Malaysia's Ministry of Investment, Trade and Industry is looking into reports that a Chinese firm may be conducting AI training using Nvidia hardware in the country, Reuters reports. The investigation seeks to determine whether any local laws have been broken. However, the scope of the probe does not seem to extend to whether any international regulations have been breached.
The inquiry follows a report from last week revealing that four Chinese nationals travelled from Beijing to Kuala Lumpur, each one carrying HDDs with tens of terabytes of spreadsheets, images, and video clips for training an AI model on 300 servers containing Nvidia processors that their employer rented in a Malaysian data center (we certainly cannot say that we are dealing with a powerful cluster as these machines contained 2,400 GPUs at best). While such actions do not breach any local laws, they enable Chinese companies to use Nvidia processors that are restricted from being sold to China and Chinese entities, potentially breaking U.S. export rules.
Malaysia is not under sanctions or restrictions imposed by the U.S. government, so companies can ship advanced AI GPUs, such as Nvidia's H100, H200, or B200. However, the local market for such hardware is relatively small in the country.
Nonetheless, in April, it turned out that exports of computer systems (which include) from Taiwan to Malaysia began to rise steeply in November 2023, after the U.S. imposed restrictions on selling H800 processors to China. Shipments of computer systems (which include Nvidia's DGX and HGX AI servers) from Taiwan increased to $985 million and $1.874 billion, respectively. Given the lack of local AI startups in Malaysia, it was natural for industry observers to suspect that Malaysian companies smuggled advanced Nvidia GPUs to China (which is outright illegal) or rented them to Chinese entities. As it turned out, the latter was the case.

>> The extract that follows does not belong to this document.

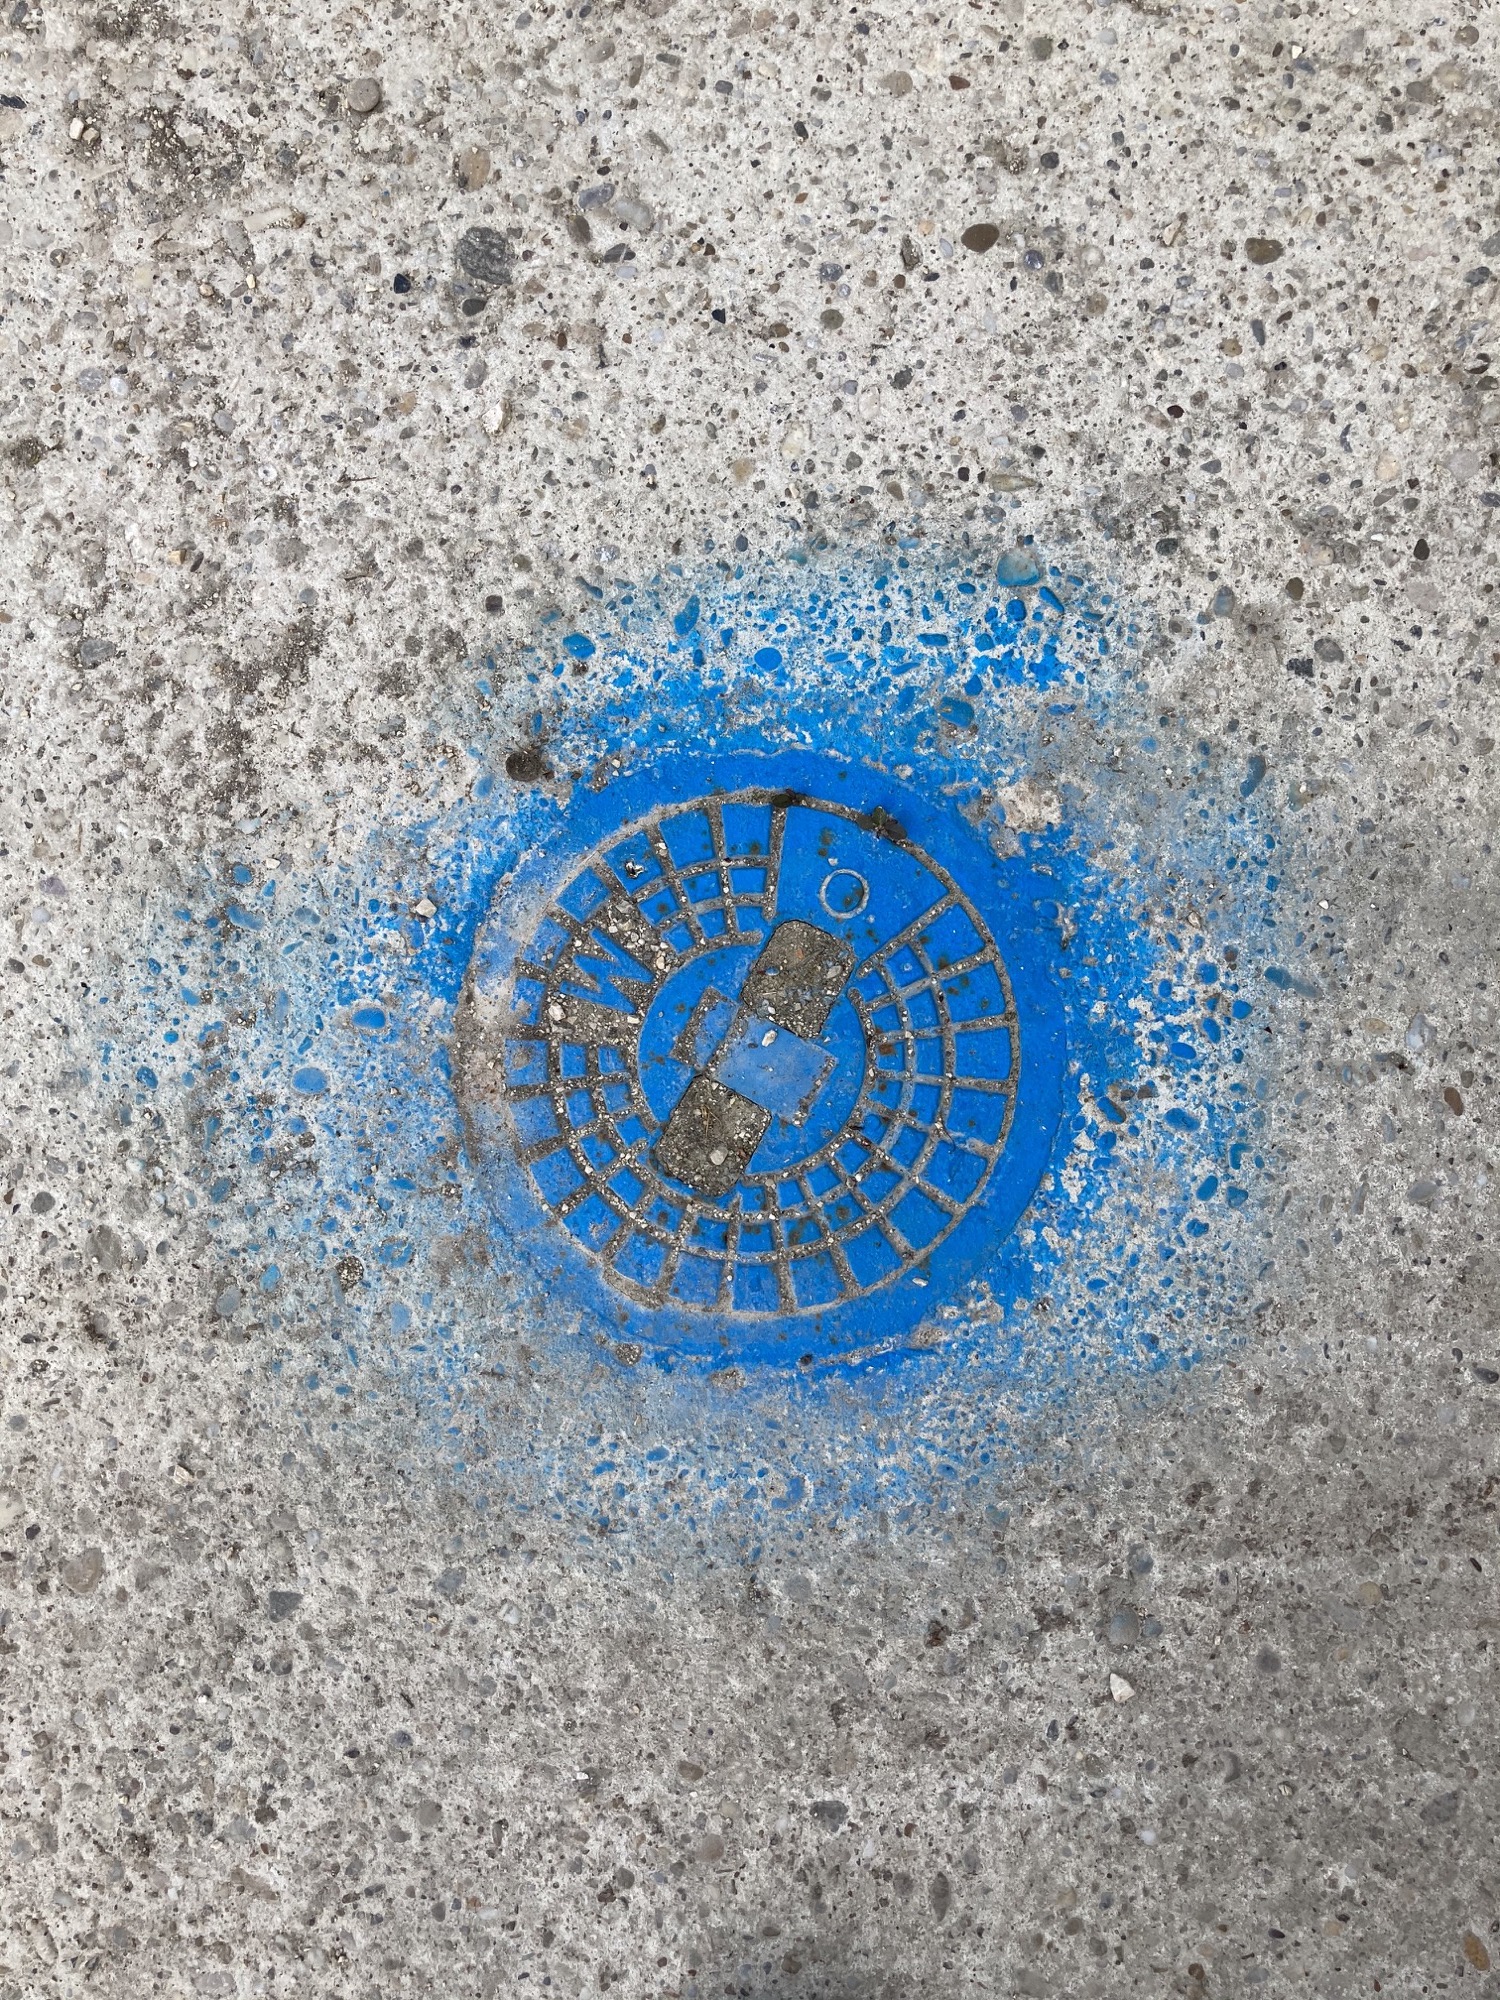 Wasserzugang im Boden, mit blauer Farbe gekennzeichnet

Malaysia's MITI noted that it is coordinating with other relevant government bodies to confirm the facts of the case. It has not yet concluded whether the reported actions conflict with any standing Malaysian laws or regulatory frameworks.
For now, it remains to be seen what the police investigation will conclude and whether this way of evading U.S. export controls by Chinese entities will be shut down by Malaysian authorities. Nonetheless, the report and the investigation are good evidence that Chinese companies still have access to Nvidia's GPUs despite the White House's attempts to block such access.